You have carte blanche. Go read it sometime. And there's
some text printed there, and an appeal to everyone who enters
to read them. But then there's a text that
is written out, and here's the text in the This I Please, Ephesians
chapter 3 and verse 21. Unto him be the glory in the
church and in Christ Jesus. unto all generations forever
and ever. And God will be glorified in
this church generation after generation after generation so
long as the worship is characterized by these four things—God-centered,
Bible-dominated, prayer-saturated, spirit-animated. I know a number
of people write me off as someone who just isn't with it, who's
not going with the flow, who's stuck in the mud. And my challenge
is, bring this book and show me where I need to change. And
by the grace of God, I'll run in the way of God's commandments.
But the changes in society that are dictating how the church
functions mean nothing to this old man.

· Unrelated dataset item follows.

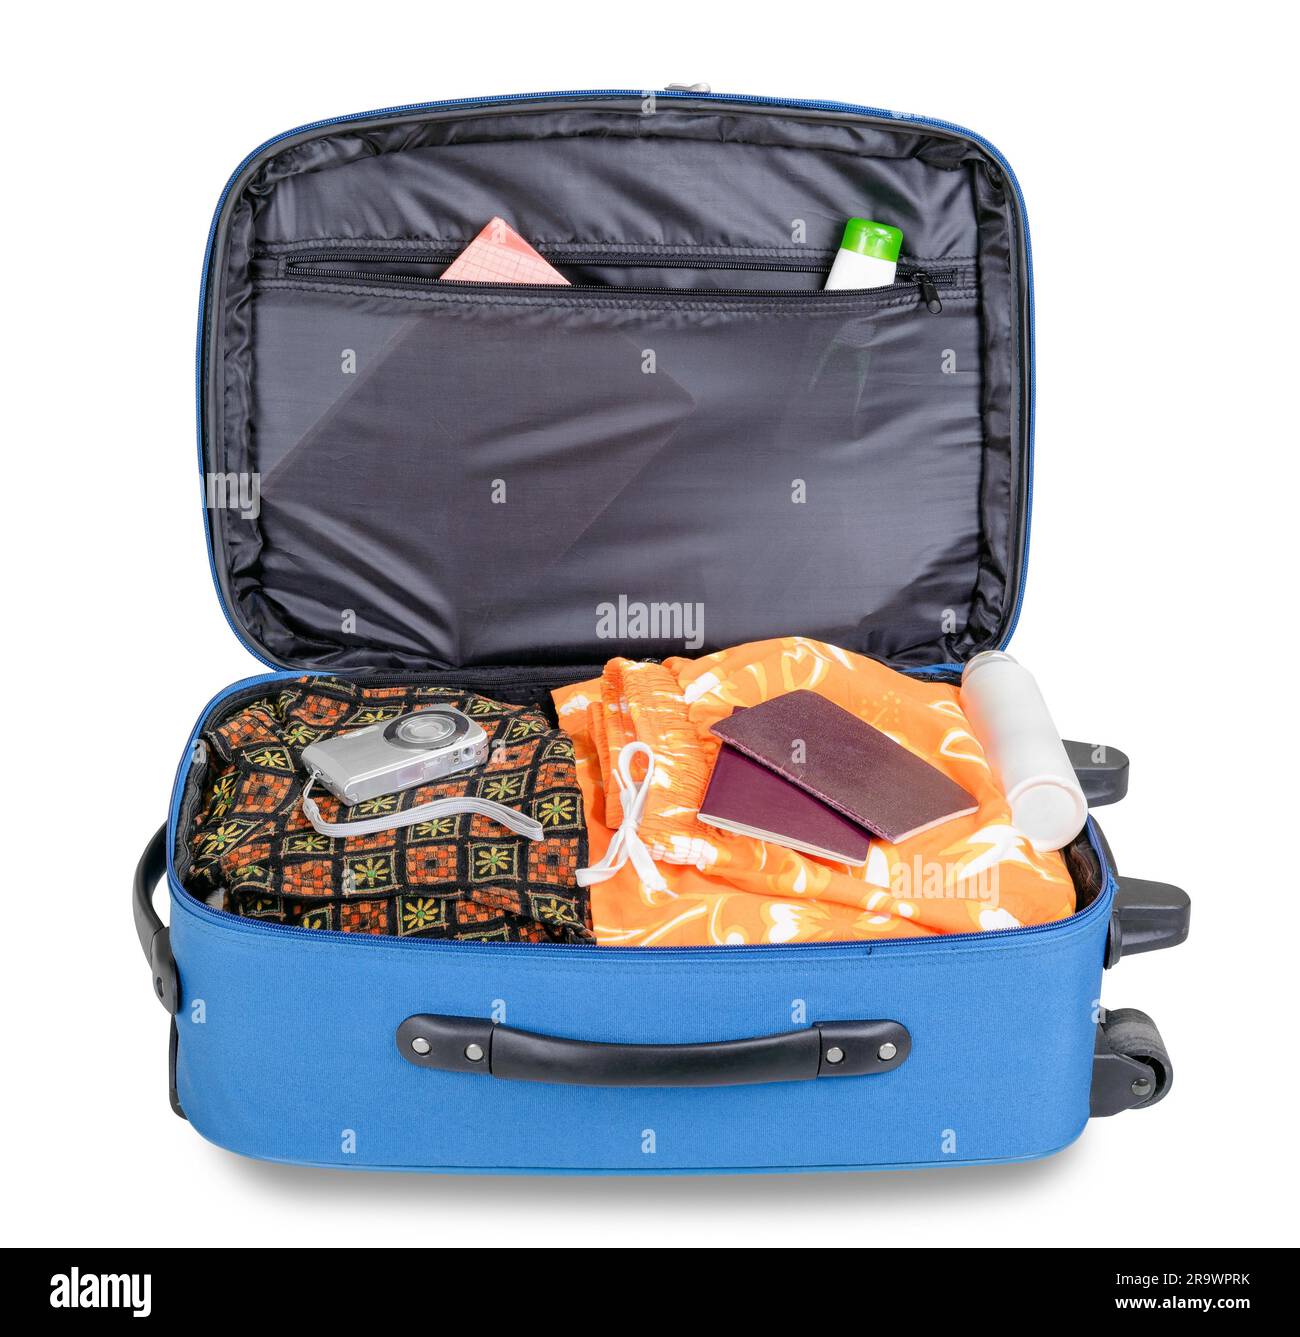 Valise bleu ouvert, prêt pour un voyage de vacances, avec l'appareil photo numérique et de passeports, isolé sur fond blanc Banque D'Images

Not one whit. I could care less what society
says. and what the experts say of what
we must do to adjust to a visual generation and what we must do
to adjust to a music-obsessed generation. I don't care what
they say. My Bible is regulating my thought. And I'm determined that when
I stand before my Lord, I can say, Lord Jesus, I did my best
to be tethered to your book. Forgive my failures. Accept me. for your righteousness sake.
Let's pray. Father, we've sought to wrestle
with weighty matters that touch on your glory, your honor, your
praise. And to the extent that your servant
has rightly handled the word, seal it with power to every heart. Where I have misspoken, or distorted
in any way, blow upon the chaff and bring it to naught. But,
Father, would it not glorify you that until the return of
the Lord Jesus this congregation will hold fast that which they
have until he comes? Give grace to my precious brothers,
Pastor Carlson, Pastor Smith, Pastor Chansky, Thank you that
these men share this vision and burden with every fiber of their
being. Give them wisdom to know how
to implement. Give them grace to stand against
all of the crosswinds that would seek to blow them into another
path. Give your people discernment.
Lord, give your people discernment. Help them to see and to understand
the issues. Give grace and all that is needed
that for the praise of the glory of your grace, your name, Father,
Son, and Holy Spirit will be known and loved and exalted in
this place until Christ returns. Amen.